Maximum vertical flashing height is also a consideration in proper flashing installations. Because flashings are manufactured with reinforced materials, the flashing material weight is an issue in vertical applications. Most manufacturers provide maximum allowable flashing heights for their systems. The weight also mandates that a top termination application be completed to prevent the material from sinking, slumping or buckling. Termination can be achieved with termination bars applied within an inch of the top flashing surface or metal counterflashings. The terminations should be secured to the flashing substrate with the appropriate fasteners applied at a rate of one fastener every 6 to 8 inches.

Perimeter Edge Flashing Details

Edge flashing is the most critical component of a roof system, particularly in high-velocity wind regions. The majority of wind damage and roof blow-offs are initiated at the perimeter edge. Flashing application at these points should be compliant with ASCE requirements. It can also be beneficial to review FM Loss Prevention Data Sheet 1-49, “Perimeter Flashing,” for valuable design and application techniques at these vulnerable locations.

Perimeter edge flashing typically begins with some form of perimeter blocking system. The base blocking should be applied to the structural components - not the decking. The blocking system is required for securement of the metal edge coverings. The membrane is typically applied through to the edge of the blocking with the flashing applied from the fascia to 4 inches to 6 inches onto the membrane surface. Some single-ply systems do not require separate flashings.

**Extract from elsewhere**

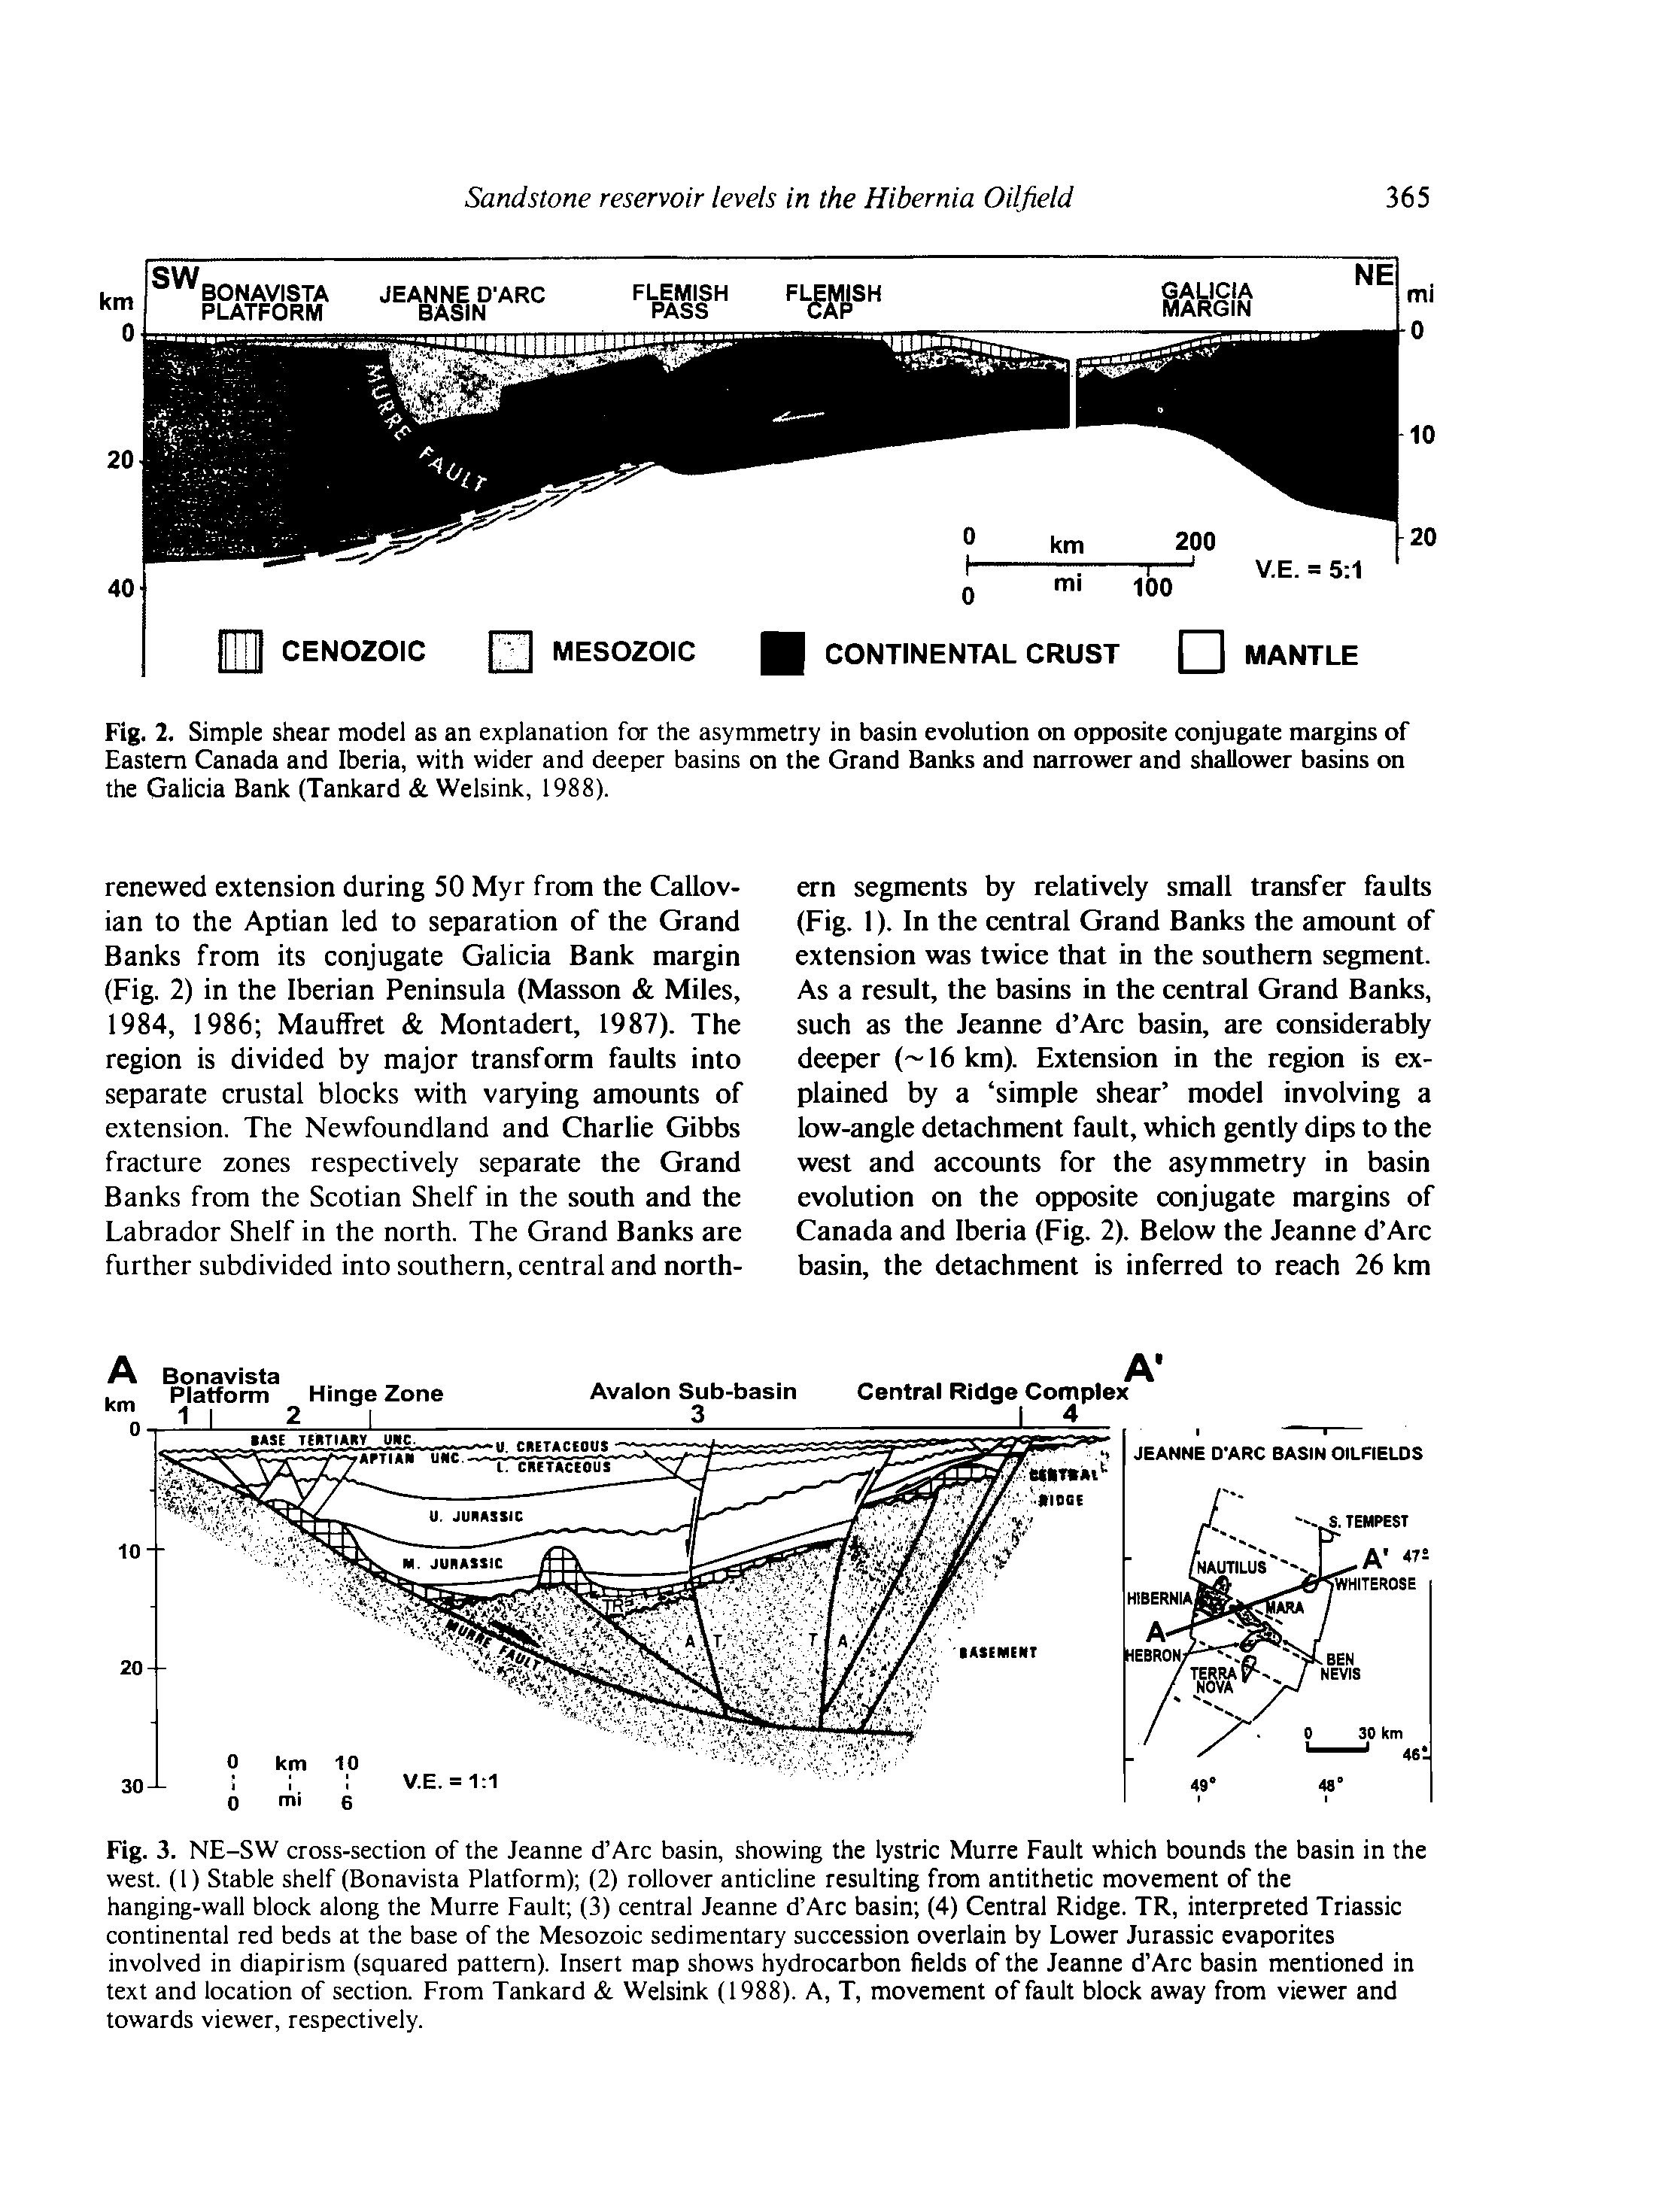 Fig. 3. NE-SW cross-section of the Jeanne d Arc basin, showing the lystric Murre Fault which bounds the basin in the west. (1) Stable shelf (Bonavista Platform) (2) rollover anticline resulting from antithetic movement of the hanging-wall block along the Murre Fault (3) central Jeanne d Arc basin (4) Central Ridge. TR, interpreted Triassic continental red beds at the base of the Mesozoic sedimentary succession overlain by Lower Jurassic evaporites involved in diapirism (squared pattern). Insert map shows hydrocarbon fields of the Jeanne d Arc basin mentioned in text and location of section. From Tankard Welsink (1988). A, T, movement of fault block away from viewer and towards viewer, respectively.

Gravel stops are applied at the perimeter edge. Fabricated from heavy or light metal, gravel stops are designed to cover the face of the edge and extend out onto the membrane surface. Flashing application depends on the type of metal used. Heavy metal gravel stops are applied over the flashings and secured to the blocking system with appropriate fasteners at the rate required for the buildings wind zone. Heavy metal gravel stops require concealed cleats and expansion joints for expansion and contraction.

Separation of the metal and the membrane are required in lighter metal applications. Flashings are typically applied over the metal in these cases. Some thermoplastic manufacturers require a thermoplastic-coated metal gravel stop is applied with their systems. In these applications, the gravel stop is heat welded to the membrane.

Penetration Flashing Details

It is imperative that penetration flashing is completed in accordance with the manufacturer’s requirements and proper roofing procedures. Large penetrations typically require the application of a raised curb. Flashing applications on curbs follow the principles of vertical flashings with the mechanical covering used as the counterflashing. Smaller openings require pitch pockets, which are fabricated from metal and filled in with grout and sealers.

Pipes, vents and stacks are typically field wrapped with a material compatible to the membrane system. Sealing of these materials is accomplished using the manufacturer’s approved adhesives and clamping devices. Many thermoplastic manufacturers provide prefabricated thermoplastic pieces for use at corners and penetrations. Application of these materials is completed by heat-welding the pieces to the membrane.

Flashing problems account for the majority of roof leaks on low-slope built-up roof systems. Proper flashing design is the responsibility of the roof designer. Adequate research of flashing conditions and the use of proper flashing details is vital to the long-term success of the roof system. Although design is usually not the responsibility of the contractor, awareness of proper details for all types of situations is required to ensure the required installation procedures are completed. This will eliminate flashing problems and costly callbacks, which will satisfy the designer and owner and add to the bottom line.